Корабль уходил все дальше и дальше. Скоро и видно его не станет.
Максим тоже вылез на берег. Непокрытая голова, мундир измят, грязен. Ружье за ремень волочит по пыли. Постоял рядом с Шешеловым, изможденный, ссутулившийся, провожал долгим взглядом корабль. Погодя сказал, будто Шешелов только что появился в Коле:
— А ведь ни с чем ушел англичанин. Ни с чем... – И задумчиво он смотрел еще вслед кораблю. – Тьфу! Будь ты проклят! – плюнул с горькой досадой и стал доставать кисет.
Когда занялись огнем дома на верхней слободке и далее, к самой Соловараке, пушки смолкли, застучала громче машина в трюме, корабль снялся с якоря и пошел от Монастырского острова, против ветра, без парусов, оставляя пенистый след, к морю.
Матросы стали прибирать палубу, откатывали от борта пушки, крепили их, солдаты чистили ружья, ругались меж собою зло, вспоминая, наверное, Монастырский остров, а Смольков пугливо поозирался, высмотрел, где жердяи, и пошел подальше от них к корме. Ноги трудно его держали.
За трое суток новой жизни он не ел почти и не спал. И еще неизвестно, как впереди все будет. Правда, сейчас можно где-нибудь лечь, свернуться, постараться забыть, что было. Но жердяи бродят невдалеке. И с них станет жемчуг
Корабль на полном ходу шел, спеша, будто гнал скорее от места, где прежде был город Кола. На палубе ветрено, и Смольков, унимая дрожь в теле, устало смотрел на залив, на то, что осталось теперь от Колы.
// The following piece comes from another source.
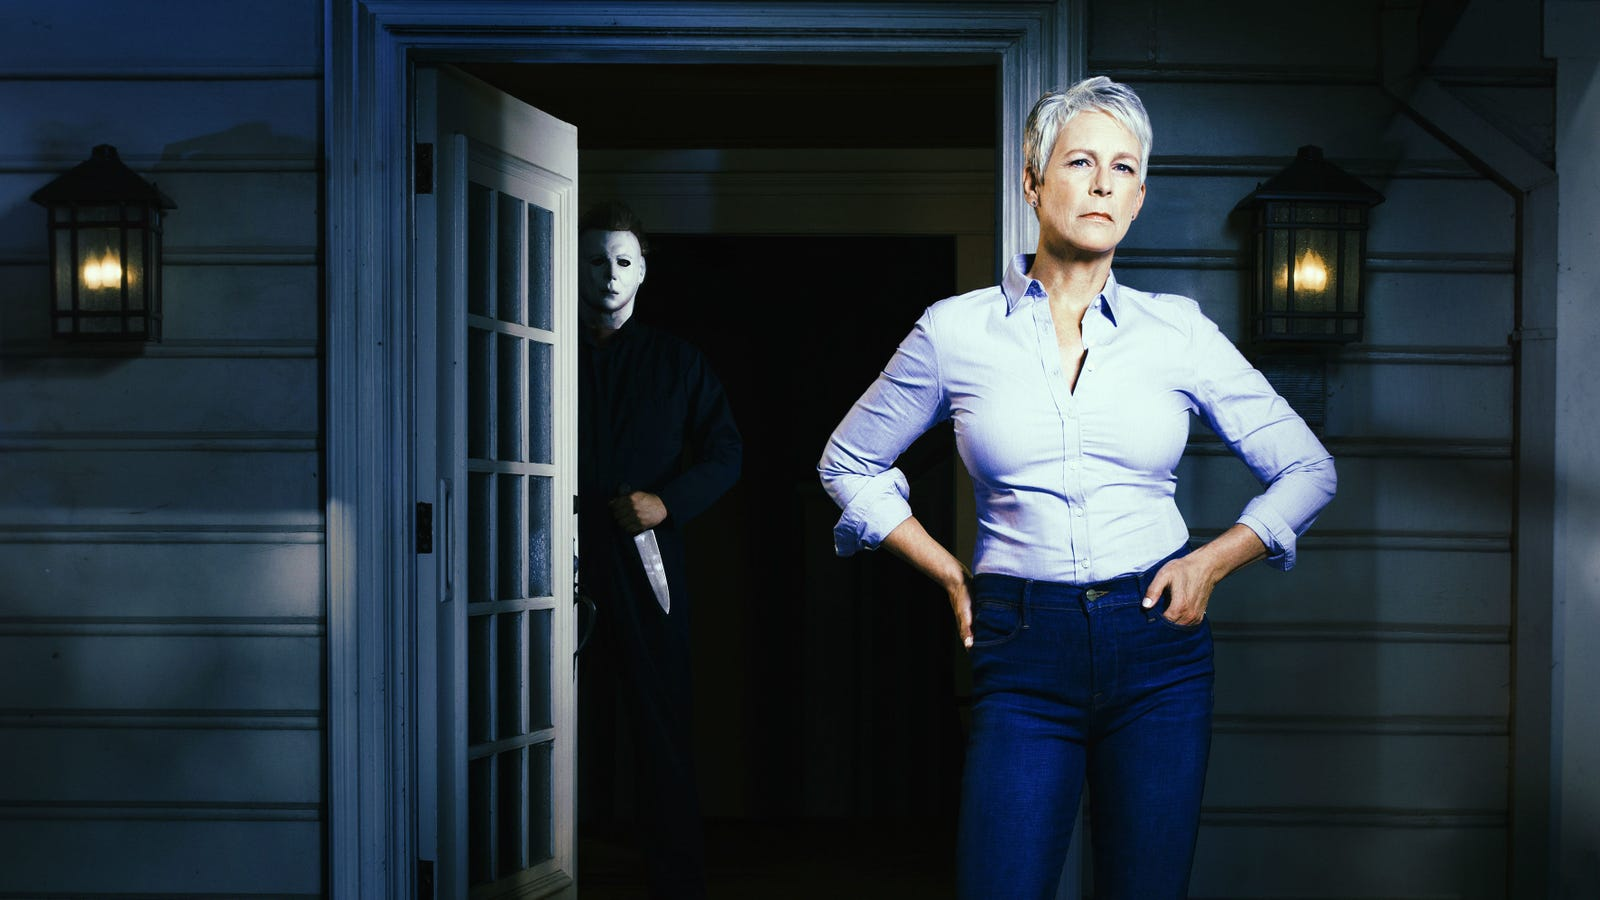 Halloween 2018 - Meest verwachte films 2018

Вспоминались Маркел блаженный, суд стариков, Афанасий, Андрей, Сулль на акульем лове. Тот любил говорить: кому быть повешенным – не утонет. Сам нашел свой удел в реке. А Смолькову недолго осталось маяться. Он потрогал на себе пояс. Жемчуг только надо сберечь. Пооглядывался, высматривая жердяев. Если станут еще приставать – к офицерам надо кидаться. Они спасут.
И опять старался думать о скорой воле. Как все будет на самом деле? Жемчуг как продаст он, превратит в деньги, как свою жизнь устроит? Но сладкие мысли о ней почему-то сегодня не приходили.
Все из-за жемчуга, из-за жердяев. И как его сохранить от них?
К Смолькову подошли сзади и тронули его за плечо рукой.
– Иван!
Врасплох застигнутый, Смольков вздрогнул, успел себя ругнуть, что не слышал, как к нему подошли, и замер с готовой улыбкой. Двое стояли. Жердяи все те же, здоровые, молодые. По-хозяйски они стали ему задирать рубаху и пояс с него снимать.
Смольков вдруг увидел, что на палубе много солдат, матросов. Они выбегают еще и еще из трюма. Кто-то выкрикивает команды, и все строятся по рядам.
И звериным чутьем, выручавшим в бегах не раз, Смольков понял: беда к нему. И рванулся весь к офицерам: им фарватер показывал! На колени скорее! К ним! Завыть слезно в голос. Причитать и просить! Просить! Ничего кроме жемчуга в жизни нету. Гол кругом, пощадите! Разве даром он рассказывал им про Лицу, объяснял па пальцах, старался чертить на палубе?! Ведь кивали они – поняли, уяснили. И стрельбу прекратили из пушек скоро и снялись с якоря.
Но жердяи поймали его легко. Один сильно рванул за плечо, другой резко ударил его под дых. Боль скрутила Смолькова, сбивая с ног, согнула на палубе в три погибели. И сквозь боль лишь мелькнуло: за что же эдак меня? за что?! А жердяи подняли его, поставили, пояс ловко с него сорвали. Он Смольковым прошитый любовно был, для каждой горошины место отдельно в нем. А они на палубу его кинули, у всех на виду. От боли сильно рябит в глазах, к горлу просится рвота. Смольков битый стоял, ограбленный. И никак не мог понять, что случилось. Успел лишь заметить: смотрят все на него – угрюмо, без доброты. А пояс никто не тронул.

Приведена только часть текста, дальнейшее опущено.